Philip Seymour Hoffman, 1967–2014

The Oscar-winning actor who found depth in every character

Philip Seymour Hoffman kicked his youthful addictions to drugs and alcohol at the age of 22, before embarking on one of the most wide-ranging and universally admired acting careers of his age. But even after more than two decades of sobriety, he always knew that the battle wasn’t over. “Just because all that time’s passed doesn’t mean ‘Maybe it’s a phase,’” he told an interviewer in 2011. “That’s, you know, who I am.” A year later, he put himself back into rehab, and this week Hoffman was found dead with a needle in his arm in a Manhattan apartment containing 50 bags of heroin.

Despite the addiction problem that apparently killed him, Hoffman “was the opposite of an artist in decline,” said Slate.com.

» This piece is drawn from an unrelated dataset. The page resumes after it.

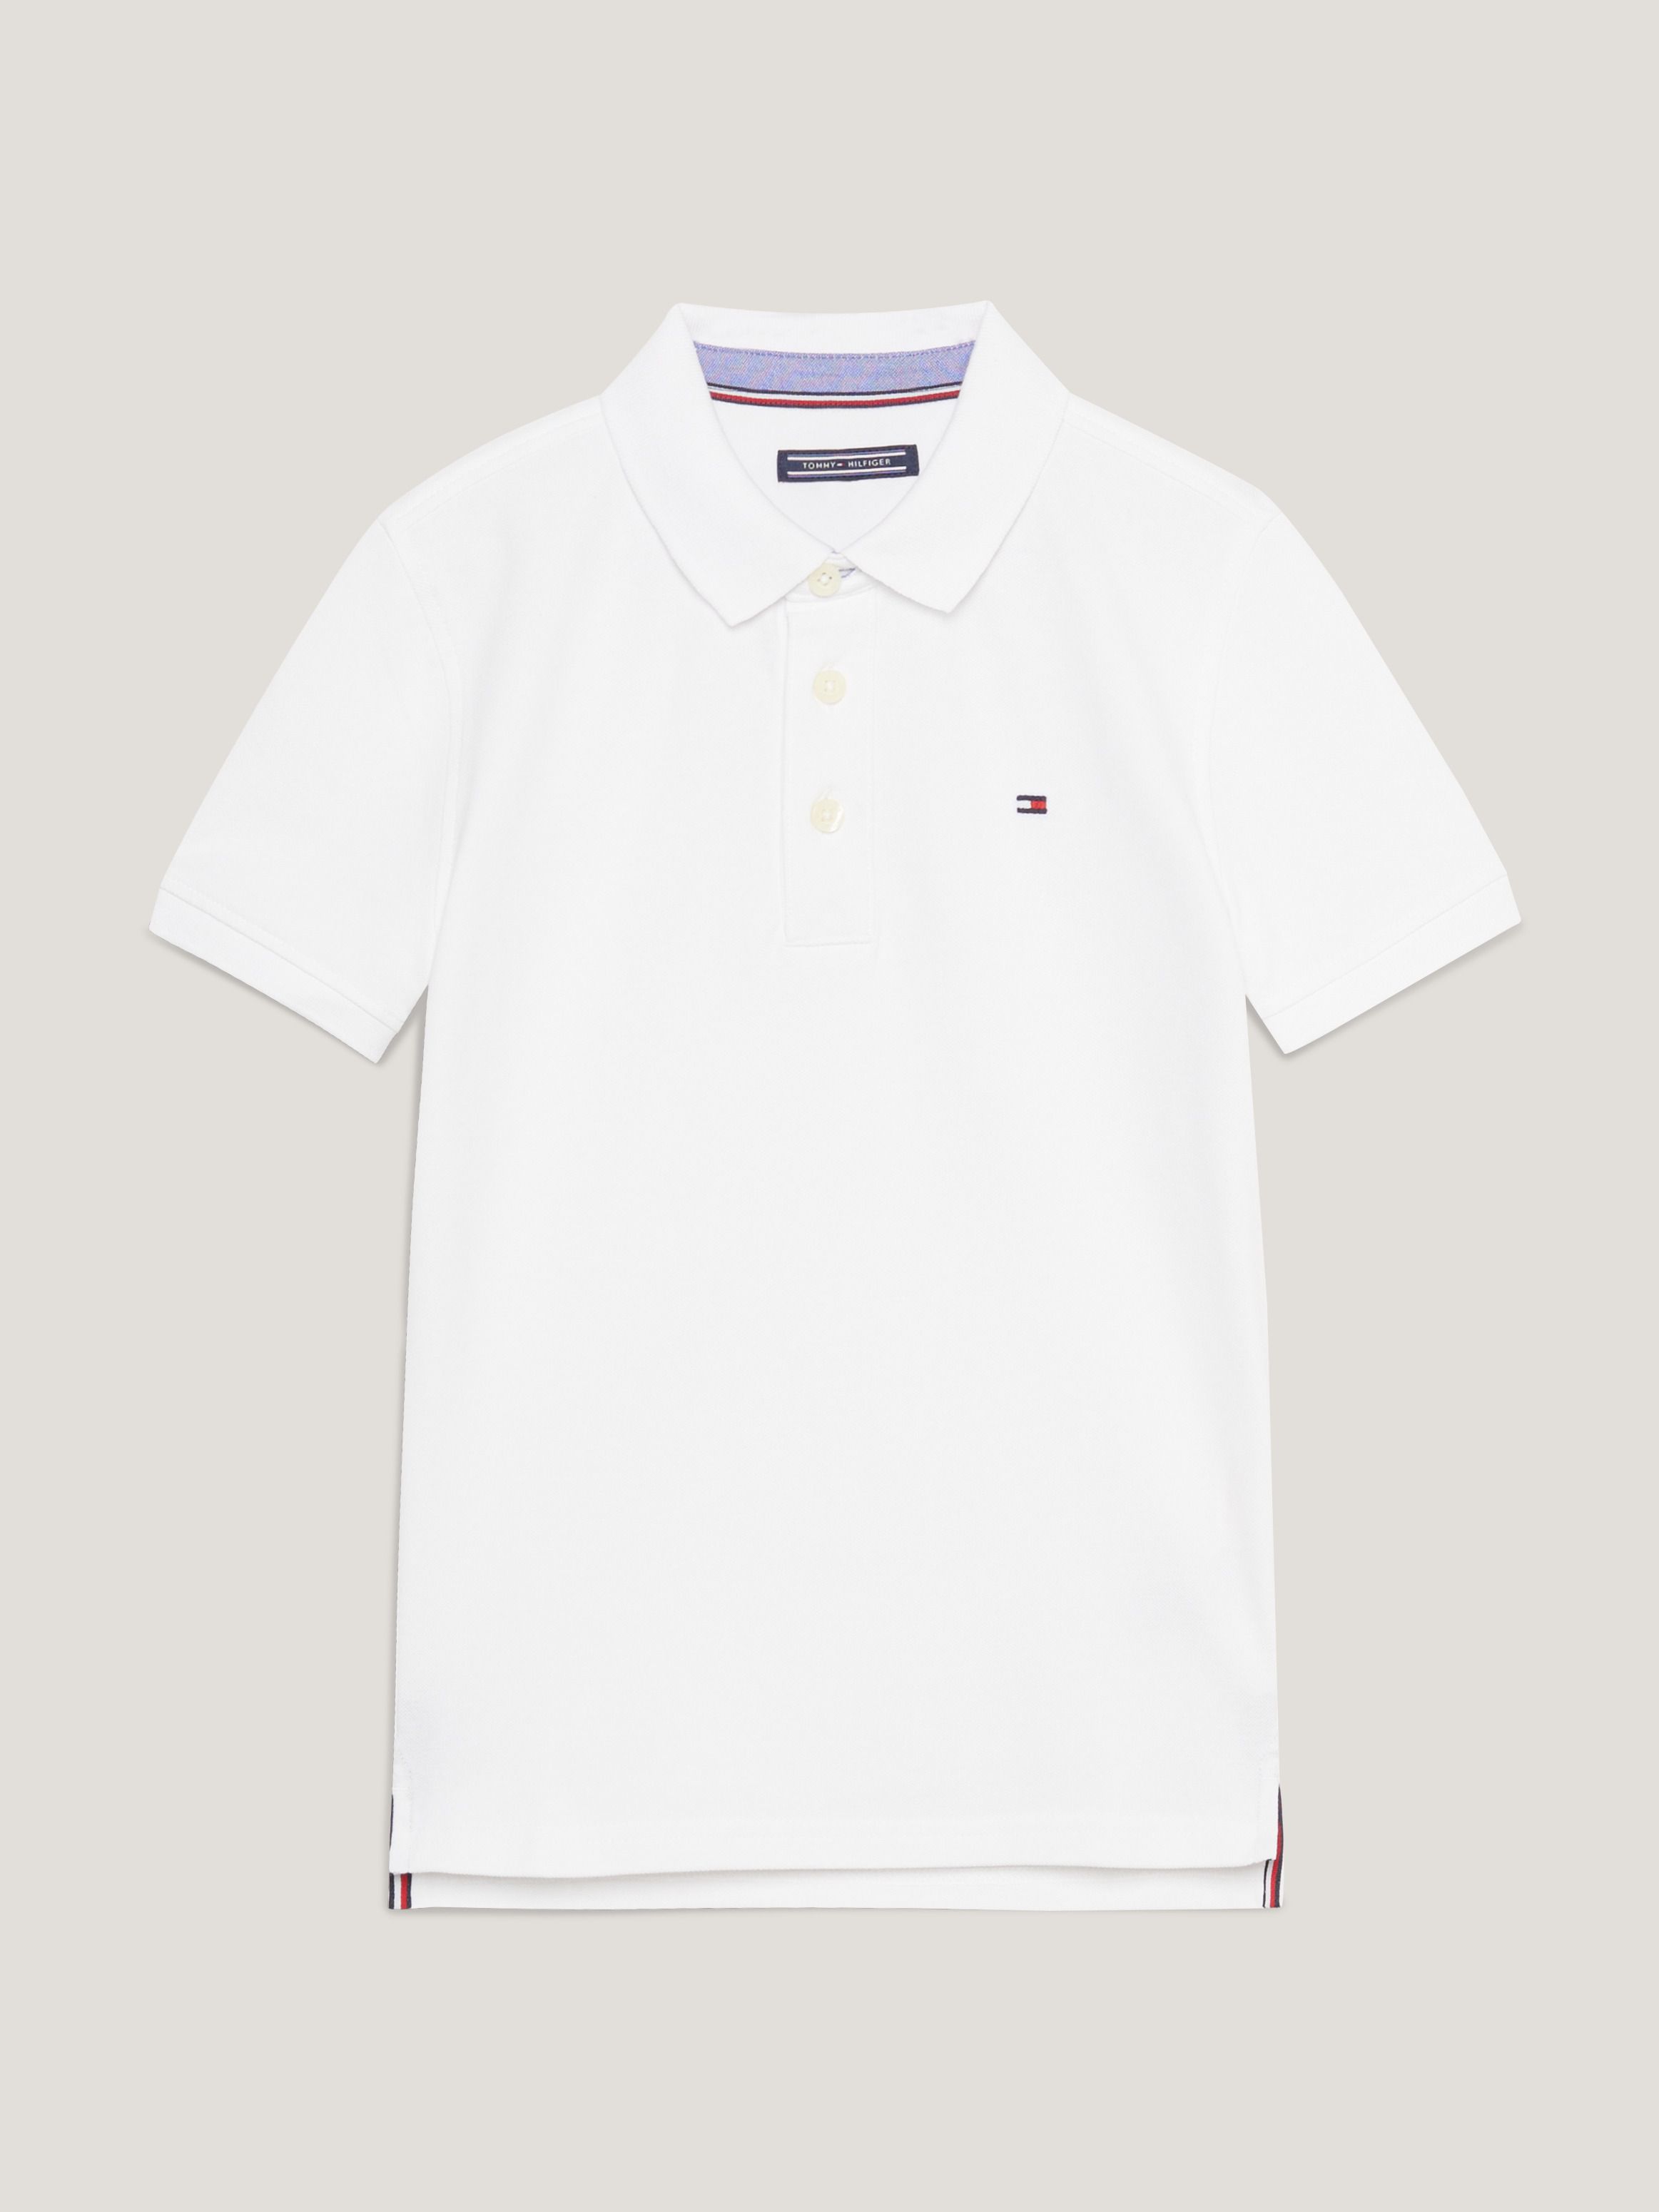 Classic Short Sleeves Polo T-Shirt | Tommy Hilfiger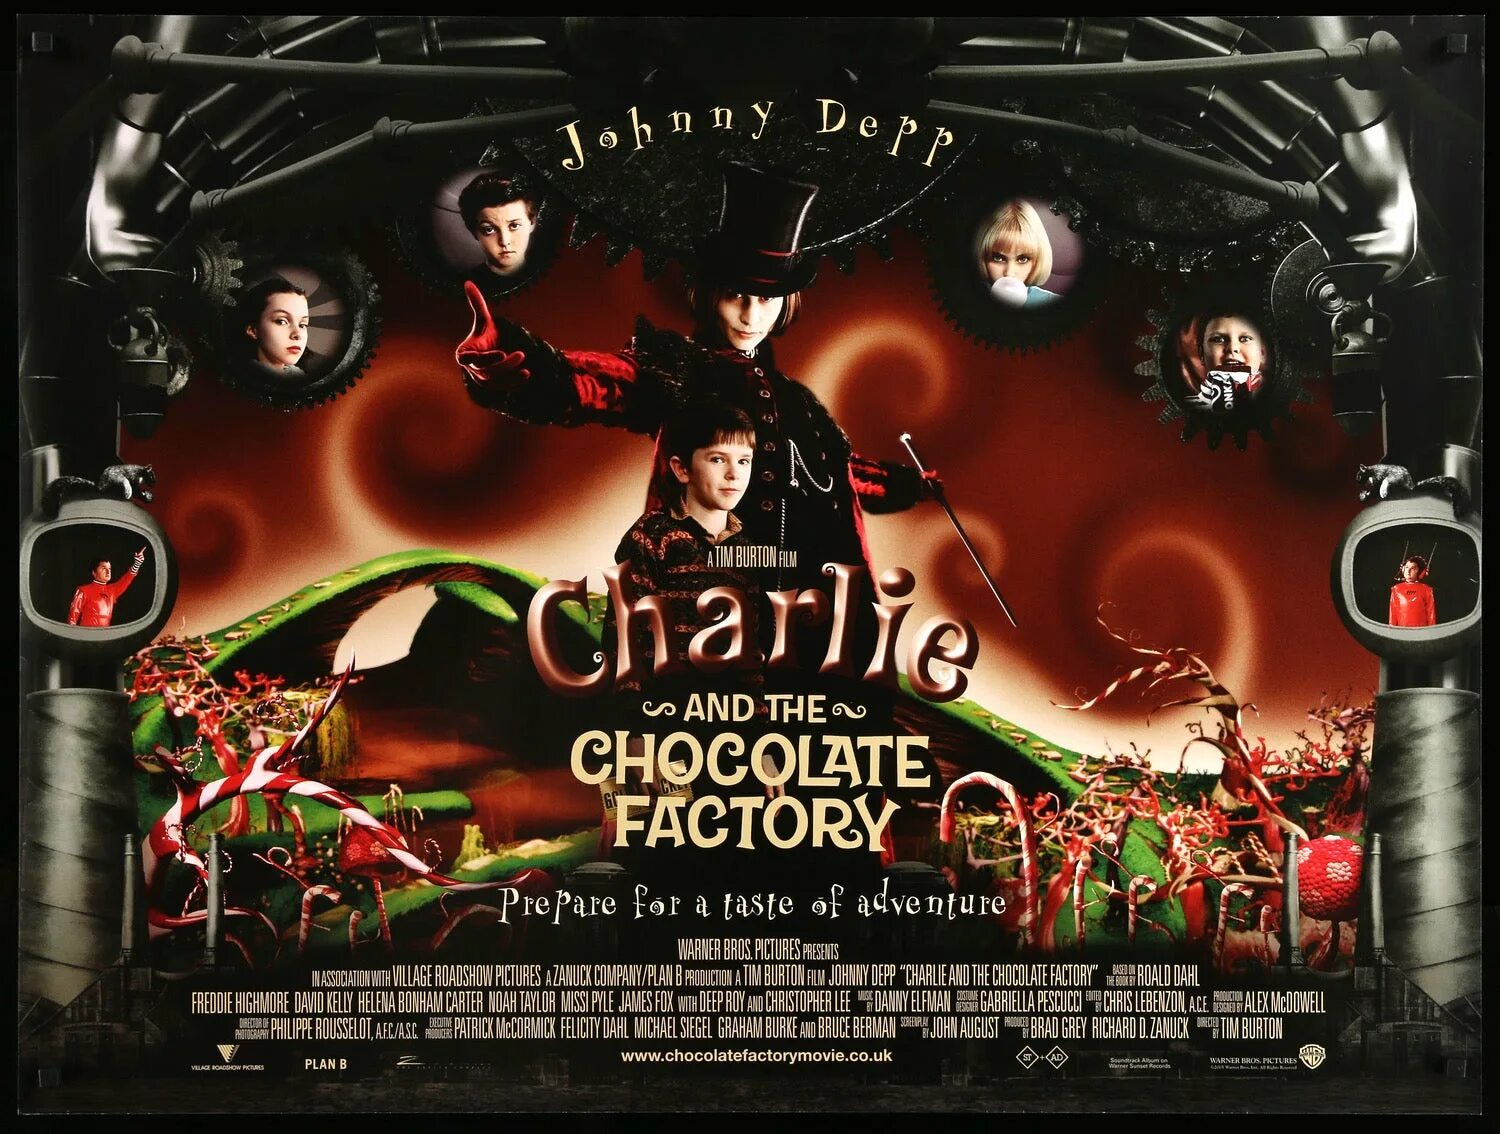 Charlie and the Chocolate Factory 2005 poster. Charlie and the Chocolate Factory Постер. Charlie and the Chocolate Factory 2005 обложка. Чарли и шоколадная фабрика афиша. Шоколадная фабрика краткое содержание

He had reached “a kind of sun-dappled meadow in his professional life,” where he could take on whatever challenge appealed to him. After winning the Best Actor Academy Award in 2006 for his portrayal of Truman Capote in Capote, Hoffman played a wide-ranging gallery of characters: the disgruntled CIA agent of Charlie Wilson’s War, the villainous arms trader in Mission: Impossible III, the eerily affable cult leader in The Master, even Willy Loman in a Broadway production of Death of a Salesman. “His unusual actorly physiognomy—the ruddy, transparent skin, the bulky but far from graceless body, the beetling blond eyebrows—lent itself to all manner of physical and gestural shape-shifting.” Hoffman seemed uniquely able to sculpt his characters “from the pliant clay of the voice and body he already had.”